MOSCOW, November 5. /TASS/. Russian arms manufacturers in 2014 have concluded 7.5 billion dollars worth of export contracts, Russian President Vladimir Putin said at a meeting of Commission on Military-Technical Cooperation.
“This year Russia’s arms producers have signed new export contracts totalling 7.5 billion dollars in value. As a result the overall contracts portfolio remains firmly at the 50-billion-dollar mark,” Putin said.
Putin also called for for stepping up contacts with the customary and new buyers of Russian armaments and for offering new cooperation formats, including flexible settlement schemes and loans.
“We should actively work with our traditional partners and with new customers,” the Russian president said.
“It is important to use in practice new forms of interaction with the buyers of Russian armaments and military technologies,” Putin said. “I have in mind a system of flexible settlements and lending and wide logistics support, as well as other modern and effective mechanisms of promoting products on the market.”
He recalled that the annual arms export targets would surely be met.
“At the moment foreign customers have received 10 billion dollars worth of Russian military hardware,” he said, adding that it was equivalent to 70% of the overall supplies due in 2014.
With many recipients of Russian armaments relations of long-term strategic partnership have been established, Putin said.
“For many decades we have been arming and servicing the national armed forces of these countries and training their military personnel,” he said.
He added that such close relations should be maintained, the quality of such cooperation improved and its guidelines expanded.
Putin urged wider use of Russia’s competitive edges.
“These edges are the major defence-industrial potential and Russia’s reputation of a reliable partner,” the head of state said. “And the high demand for Russian armaments is a major factor, of course.
On import substitution program in military-industrial sector amid sanctions
The import substitution program in Russia’s military-industrial sector is not as expensive as expected earlier, Russian President Vladimir Putin said at a meeting of the commission on military-technical cooperation on Wednesday.
“We have approved the work plan. It is quite acceptable by terms and financial expenditures are not as big as they seemed initially,” Putin said.
He thanked colleagues involved in the development of the import substitution program and underlined that the work was conducted thoroughly.
“Everything is quite realizable,” Putin stressed.
The system of import substitution had to be introduced in Russia in connection with imposition of Western sanctions on Russia for its position on Ukraine and Moscow’s countersanctions.
Russian officials and companies came under the first batch of Western sanctions, including visa bans and asset freezes, after Russia incorporated Crimea in mid-March after a coup in Ukraine in February.
The West announced new sectoral penalties against Russia in late July over Moscow’s position on Ukrainian events, in particular, what the West claimed was Moscow’s alleged involvement in mass protests in Ukraine’s war-torn south-east.
In response, Russia imposed on August 6 a one-year ban on imports of beef, pork, poultry, fish, cheeses, fruit, vegetables and dairy products from Australia, Canada, the European Union, the United States and Norway.
Russia has repeatedly dismissed Western allegations that it could in any way be involved in hostilities in the southeast of Ukraine.
Prime Minister Dmitry Medvedev said October 30 that while pursuing a policy of import substitution, Russia should not confine itself to replacement of goods imports but should also focus on substitution of foreign developments.
On situation in eastern Ukraine
Russian President Vladimir Putin said Wednesday shelling continues in Ukraine despite Minsk agreements.
“The civil war does not subside in Ukraine near Russia’s borders,” Putin said at a meeting of the commission on military-technical cooperation. “Despite Minsk agreements, shelling of peaceful cities continues.
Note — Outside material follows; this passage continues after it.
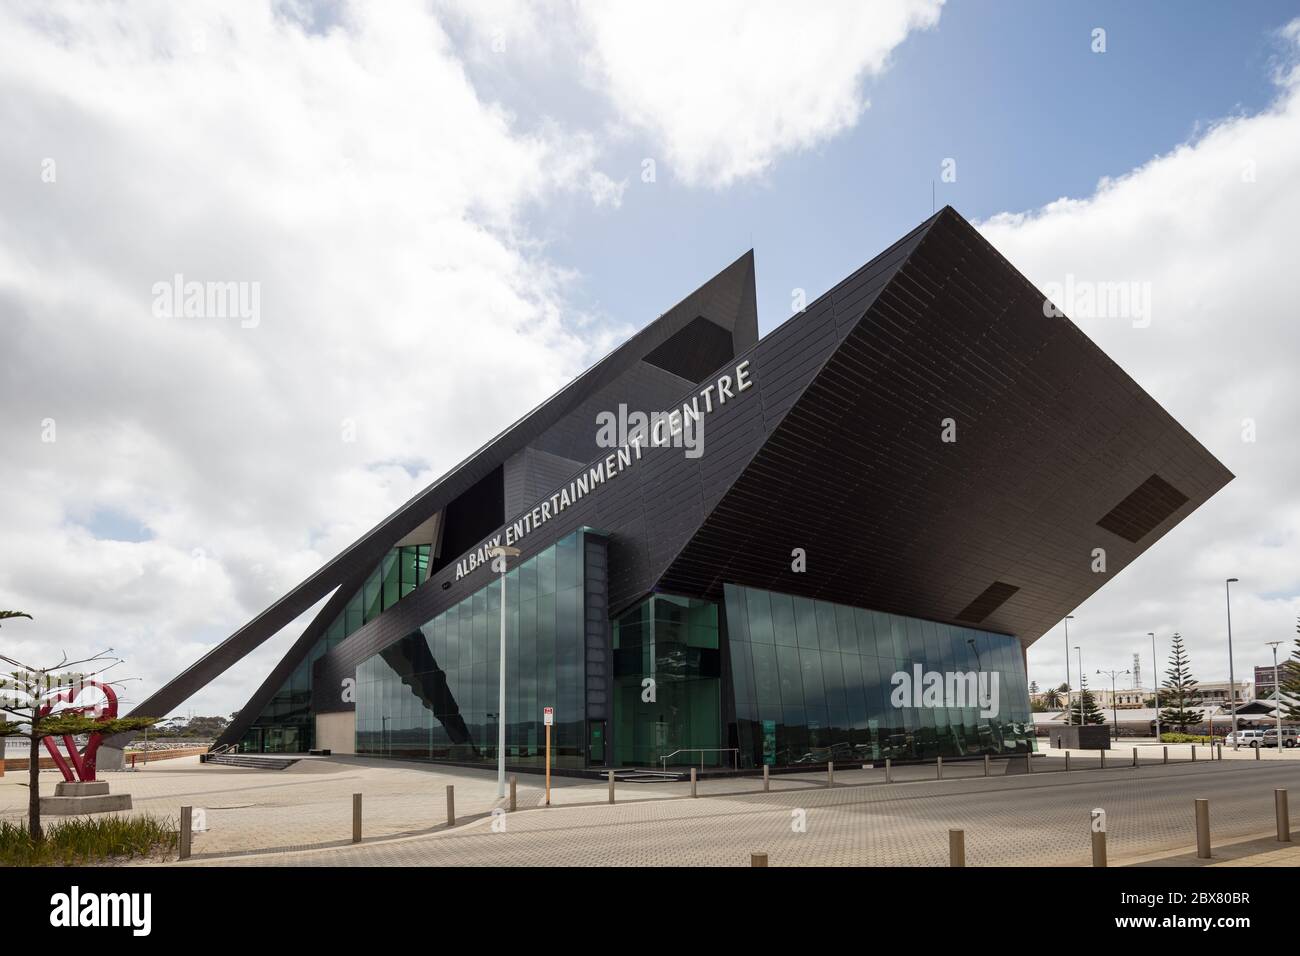 Albany Western Australia 10. November 2019 : Blick auf die moderne Architektur, die das Albany Entertainment Center in Western Australia umfasst Stockfoto

Civilians are dying.”
Putin called the situation in Ukraine one of the factors that complicate the geopolitical situation.
“Many cooperation chains, including with Ukrainian partners and enterprises, have been broken,” he said.
According to the UN, more than 4,000 people have been killed and hundreds of thousands have fled Ukraine’s south-east as a result of clashes between Ukrainian troops and local militias in the Donetsk and Luhansk regions during Kiev’s military operation, conducted since mid-April, to regain control over the breakaway territories, which call themselves the Donetsk and Luhansk People’s Republics.
The parties to the Ukrainian conflict agreed on a ceasefire at talks mediated by the Organization for Security and Cooperation in Europe (OSCE) on September 5 in Belarusian capital Minsk two days after Putin proposed his plan to settle the situation in the east of Ukraine.
The ceasefire took effect the same day but has reportedly occasionally been violated.